Going beyond representation, scholar-artists imbued their paintings with personal feelings. By evoking select antique styles, they could also identify themselves with the values associated with the old masters. Painting was no longer about the description of the visible world; it became a means of conveying the inner landscape of the artist’s heart and mind.
Essay: Landscape Painting in Chinese Art, The Met
One of the most fascinating things I remember learning about landscape scroll paintings, was that they were meant to be semi-interactive. Many scrolls are very long, much longer than could be fully opened for viewing on any desk, or even in most rooms. Though the height of the image was often quite comfortable to sit on a desk, both trailing ends much necessarily be rolled up, like a roll of sketch paper used for children’s drawing tables.
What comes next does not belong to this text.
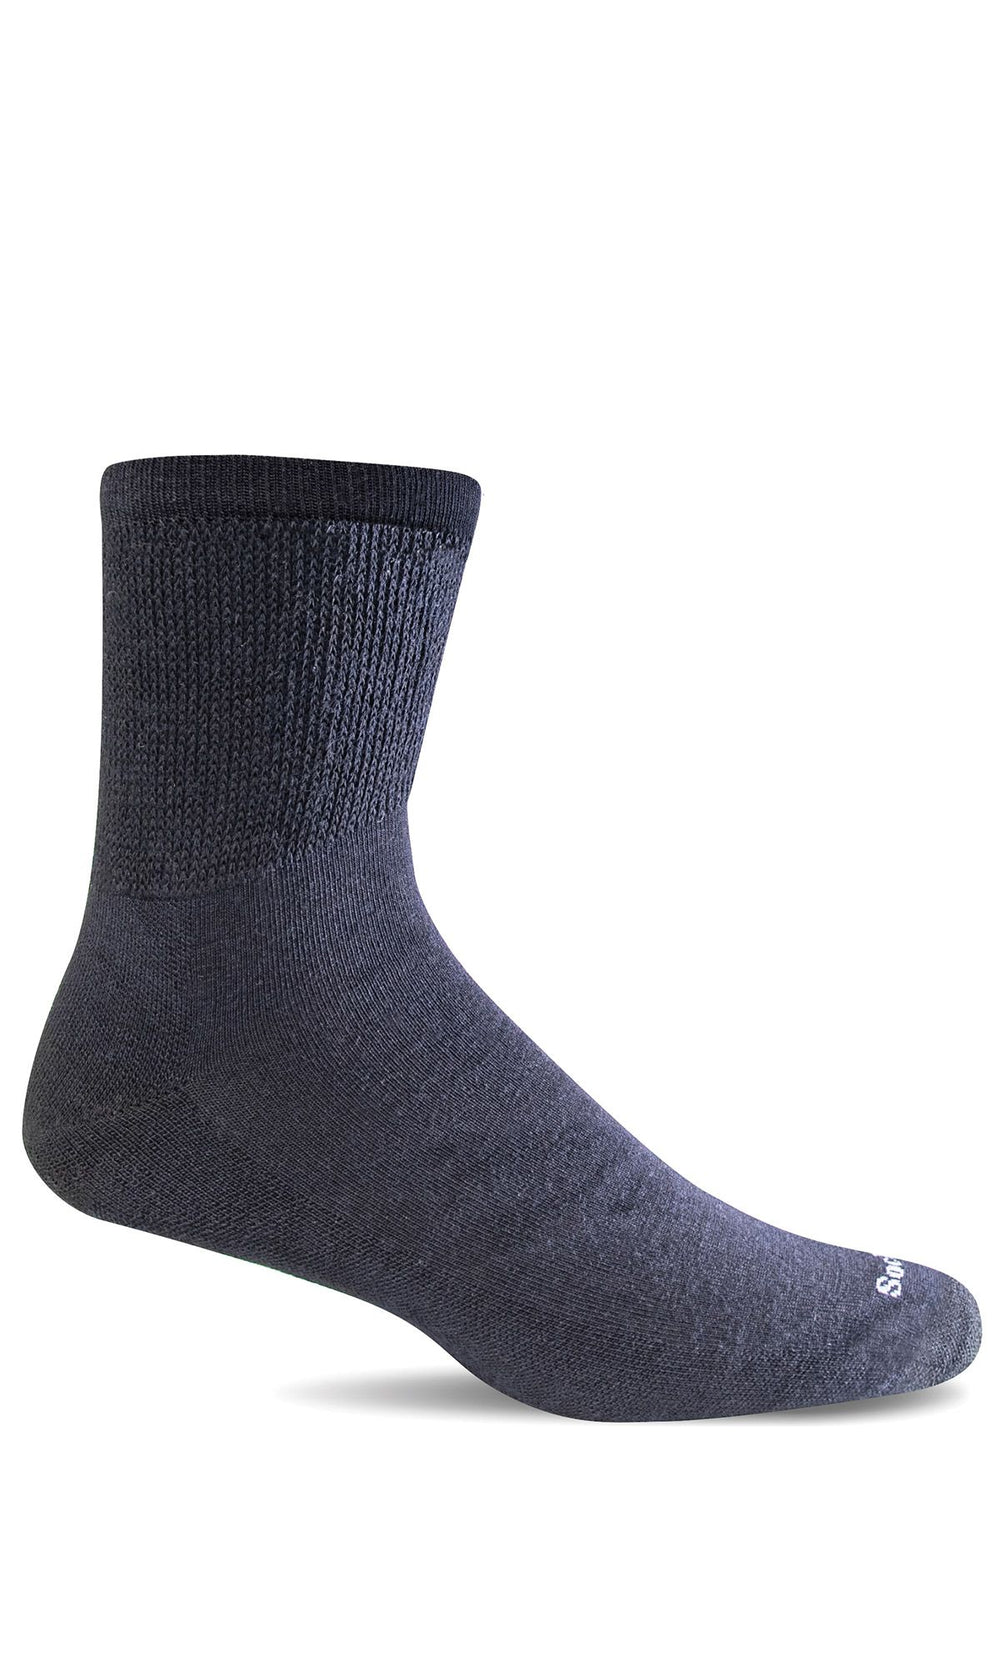 Sockwell Extra Easy Relaxed Fit Socks (Women's)

The artist would roll one end and unroll the other to move the paper along an work in sections, allowing portions to dry before moving on. This also affected the way in which they must be viewed. In order to experience a painting the viewer must also begin at one end and move the image in sections by rolling and unrolling through the image. In this way the viewer was encouraged to follow the imaginary journey through the rolling countryside in a temporal way, almost like a visual novel or film strip.
So the images weren’t intended only as a means for the artist to express themselves, but also used as a means of inviting self-reflection and escapism in others.
Up until now I have been struggling to create images from within myself that will inspire me and help pull me outside of myself. Looking backwards, that seems a bit like trying to turn around far enough that you can have a conversation with yourself. Though the idea is noble, the physics just don’t work. Photography has shown me that the images I am looking for are already out there waiting to be found. Nature will always be able to create a more perfect colletion of elements than I ever could. Rather than generating the image my perspective now is to try and be receptive to it, to capture it and allow it to speak to me.
The ink paintings has returned to me in the form of dead wood. Looking closely at fallen logs, split and aged with time, scarred by the elements and bare to the light, show striking resemblance to the forms and flows of Chinese scholars sitting in seclusion trying to find themselves.
Like the image above I have recently been focused on finding these deep patterns of texture on fallen logs that translate into surreal landscapes all on their own. I have been collecting them in a new portfolio project on the site and will continue to add as I find more.